Conclui-se então que o surgimento do videogame no capitalismo fez com que ele já se
propagasse de forma alienante e comercial, mas sem deixar de se afastar daquilo que era a arte
e cultura, afinal as ideias dos pensadores pré-videogame se adequam perfeitamente ao mesmo.
3. A Libertação dos Jogos como Instrumento Político

Voltando para Benjamin, “Uma das funções sociais mais importantes do cinema é criar
um equilíbrio entre o homem e o aparelho.” (1994, p. 189) novamente, a frase serve para se
tratar de videogame, desta vez com uma tecnologia bem mais avançada o videogame é capaz
de trazer para o contato humano fantasias e universos do surreal de forma mais plausível e
imersiva capaz de criar um efeito semelhante ao do Mickey descrito pelo próprio Benjamin
onde o videogame seria capaz de criar “tensões que em estágio críticos assumem um caráter
psicótico, …, essa mesma tecnização abriu a possibilidade de uma imunização contra tais
psicoses de massa, …, capazes de impedir, pelo seu desenvolvimento artificial de fantasias
sadomasoquistas, seu amadurecimento natural e perigoso.” (1994, p. 190).
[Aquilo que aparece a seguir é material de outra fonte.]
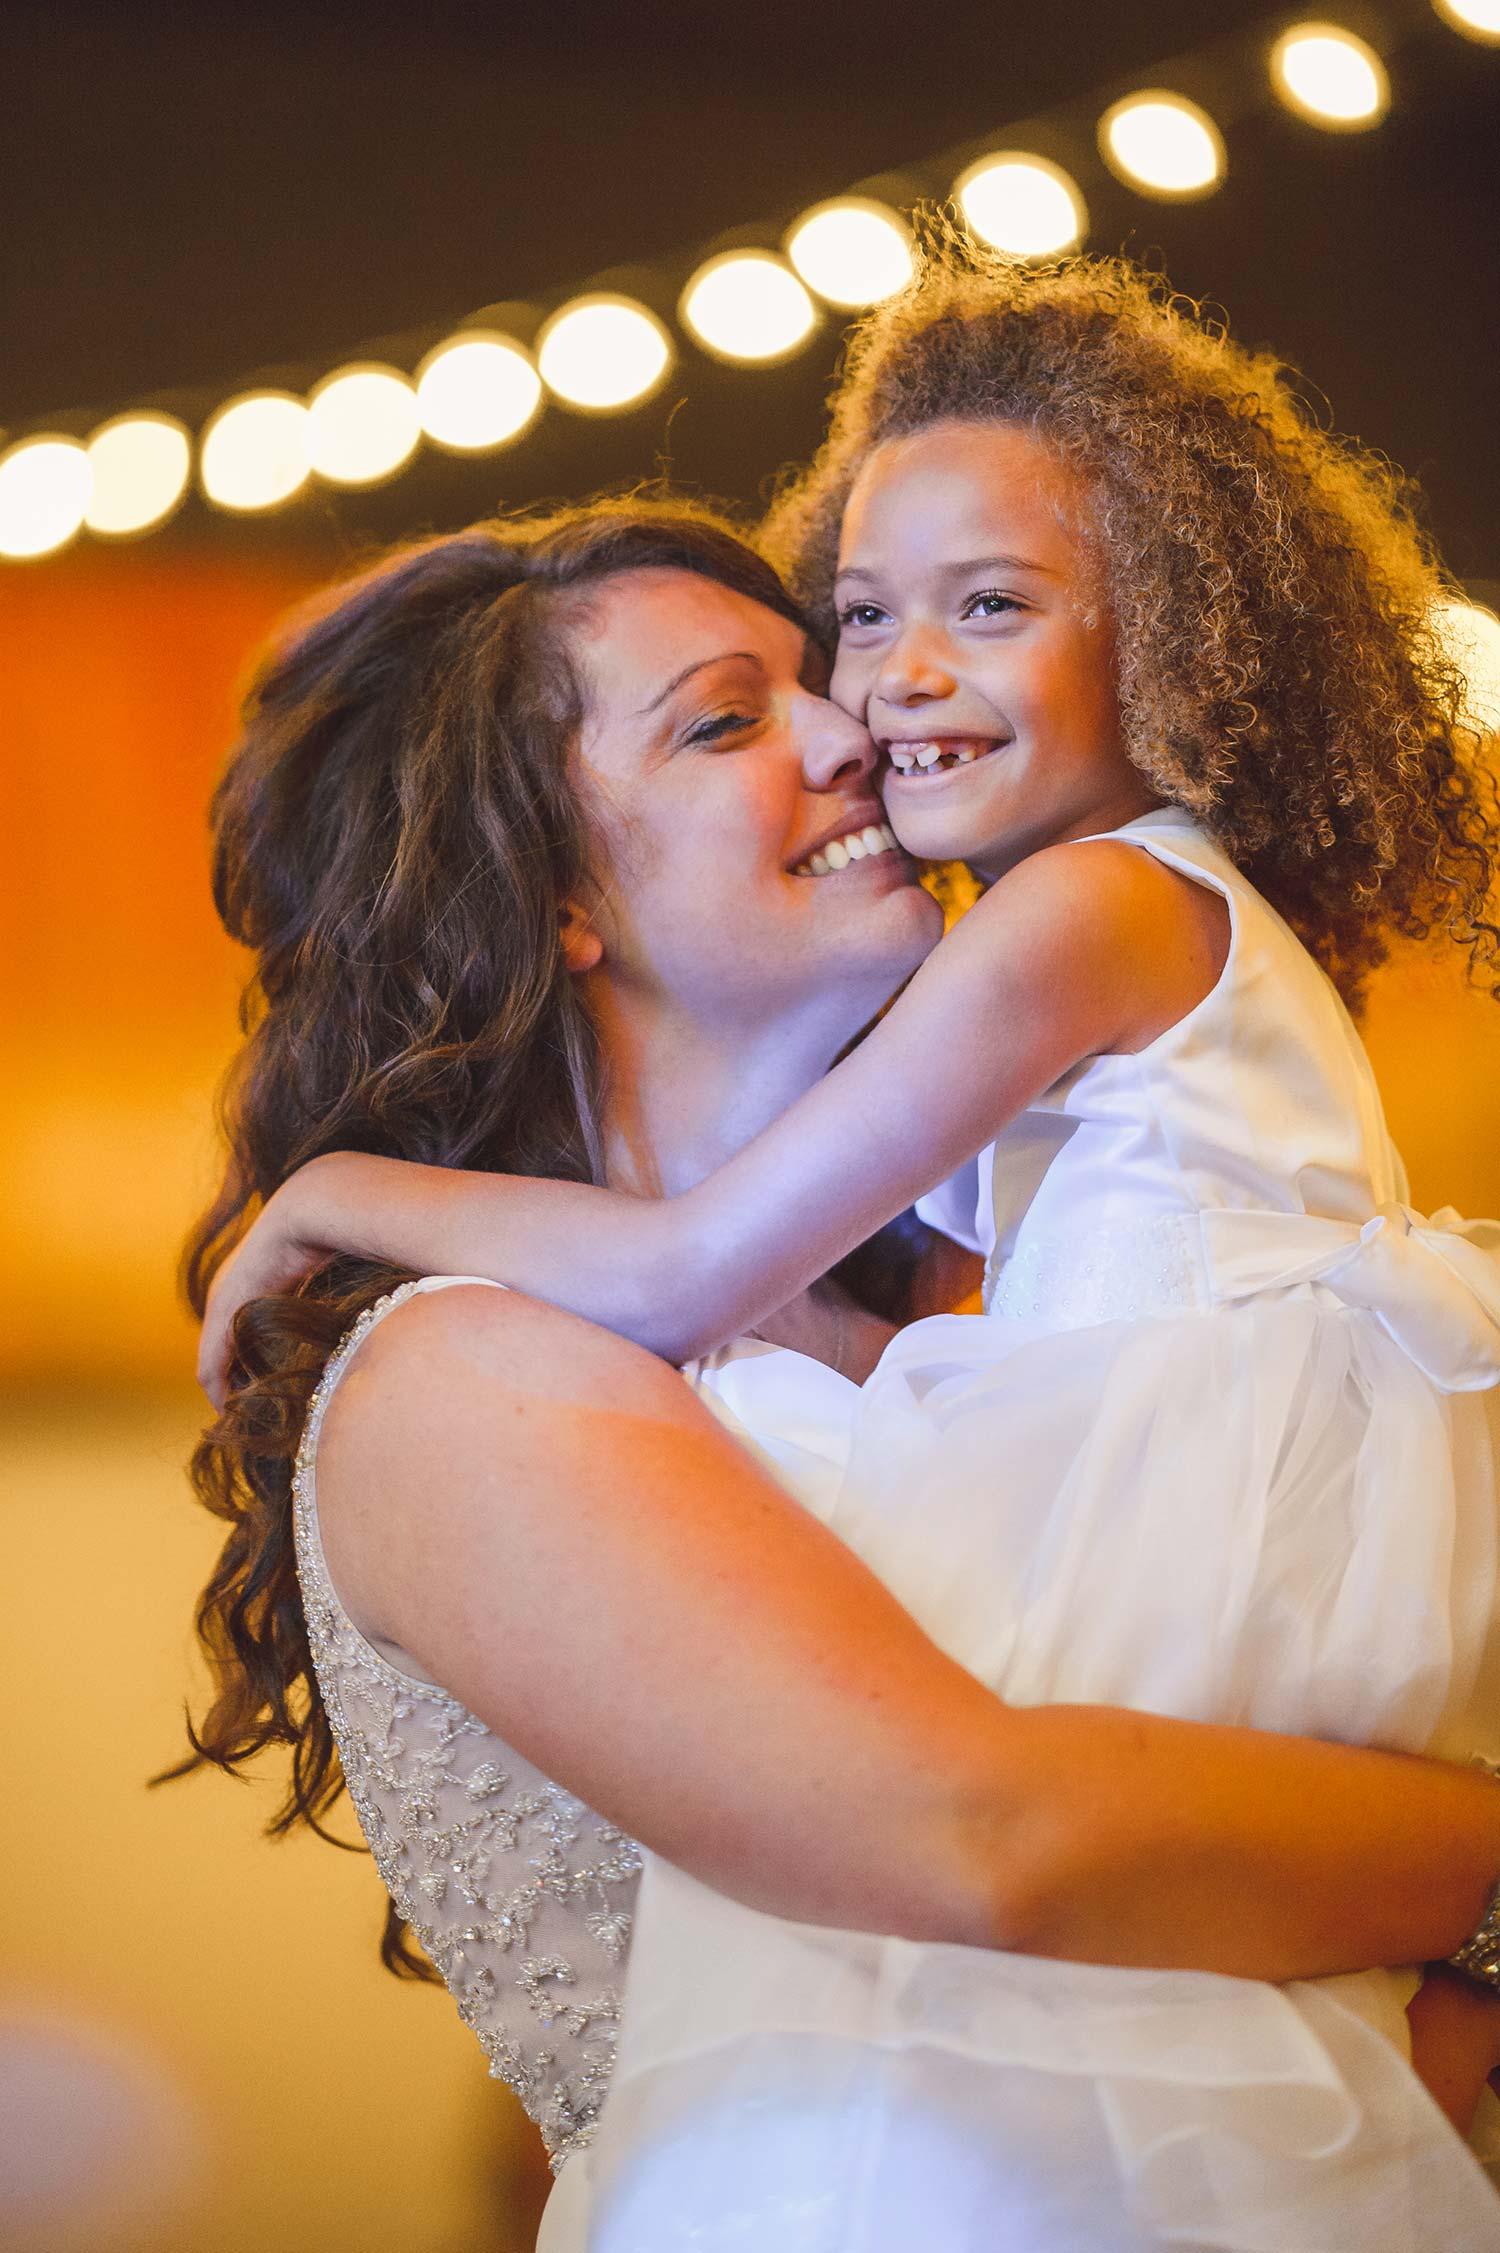 mother-daughter-dance-wedding-reception.jpg

Isso também serve
de argumento para defender que os jogos não estimulam a violência entre os jovens e sim o
contrário, visto que esse debate é frequente e nunca se conseguiu provar que jogos tornam os
jovens mais violentos.
Em seu texto “A obra de arte na era da reprodutibilidade técnica” Walter Benjamin
disserta bastante sobre como através do cinema o ator é usado para conseguir alcançar aquilo
que o diretor almeja, seja quantas filmagens forem necessárias, no videogame é possível
alcançar esse resultado com mais facilidade e inclusive ir além, forçando o jogador a fazer
aquilo que o diretor almeja, um caso famoso na comunidade dos jogos foi na série
“inFamous”, onde por mais que suas decisões dentro de game mudassem a narrativa do jogo,
toda ação havia consequência, e nesse jogo ao você escolher a “rota” em que seu personagem
fica mais poderoso, você é obrigado a puxar o gatilho do controle, múltiplas vezes, para matar
lentamente a personagem que era seu melhor amigo e te ajudou durante a série toda, o jogo
trata de assuntos envolta de poder, corrupção e ganância, mas nada muito polêmico e
extremamente crítico como no caso do anteriormente citado “Life is Strange”, porém “Life is
Strange” foi um jogo desenvolvido por um empresa pequena e com um público alvo de jovens
mais liberais, diferentemente do jogo “The Last of Us part 2” que é a sequência de um jogo de
ação produzido por uma empresa milhionaria, sobre um mundo durante um apocalipse zumbi,
por mais que o jogo tivesse pequenas criticas, principalmente em relação ao governo
americano, mas foi a sua sequencia que abalou os “gamers”, ao furar a bolha e apresentar para
um grande público, que em grande parte é conservador, em um momento conturbado na
politica estado unidense, um jogo onde a protagonista é uma mulher lésbica e a antagonista
uma mulher que mata o protagonista “badass”, que representa a masculinade conservadora, do
jogo anterior. O jogo obriga você a experienciar a vida, tanto de “Ellie”, protagonista, como a
de “Abby”, antagonista, isso fez com que os jogadore da extrema direita ficassem revoltados e
lotassem as redes sociais com comentários fascistas por conta da jogabilidade ir contra seus
conceitos preconceituosos.

4. Conclusão

O videogames surge em um cenário completamente comercial onde “ A satisfação


compensatória que a indústria cultural oferece às pessoas ao despertar nelas a sensação
confortável de que o mundo está em ordem, frustra-as na própria felicidade que ela
ilusoriamente lhes proporciona.” (ADORNO, 1986, p. 99), porém como continua sendo uma
arte e forma de cultura ele consegue se desprender disso e se tornar hoje um dos principais
veículos de comunicação para os jovens. Tendo uma trajetória semelhante a do cinema, é
praticamente um fato que os jogos digitais servem tanto como uma forma de alienação da
massa como uma poderosa ferramenta política para conseguir educar o mundo.
Bibliografia

https://www.historiadetudo.com/videogame#:~:text=A%20hist%C3%B3ria%20do%20videog
ame%20se,Tecnologia%20de%20Massachusetts)%2C%20EUA.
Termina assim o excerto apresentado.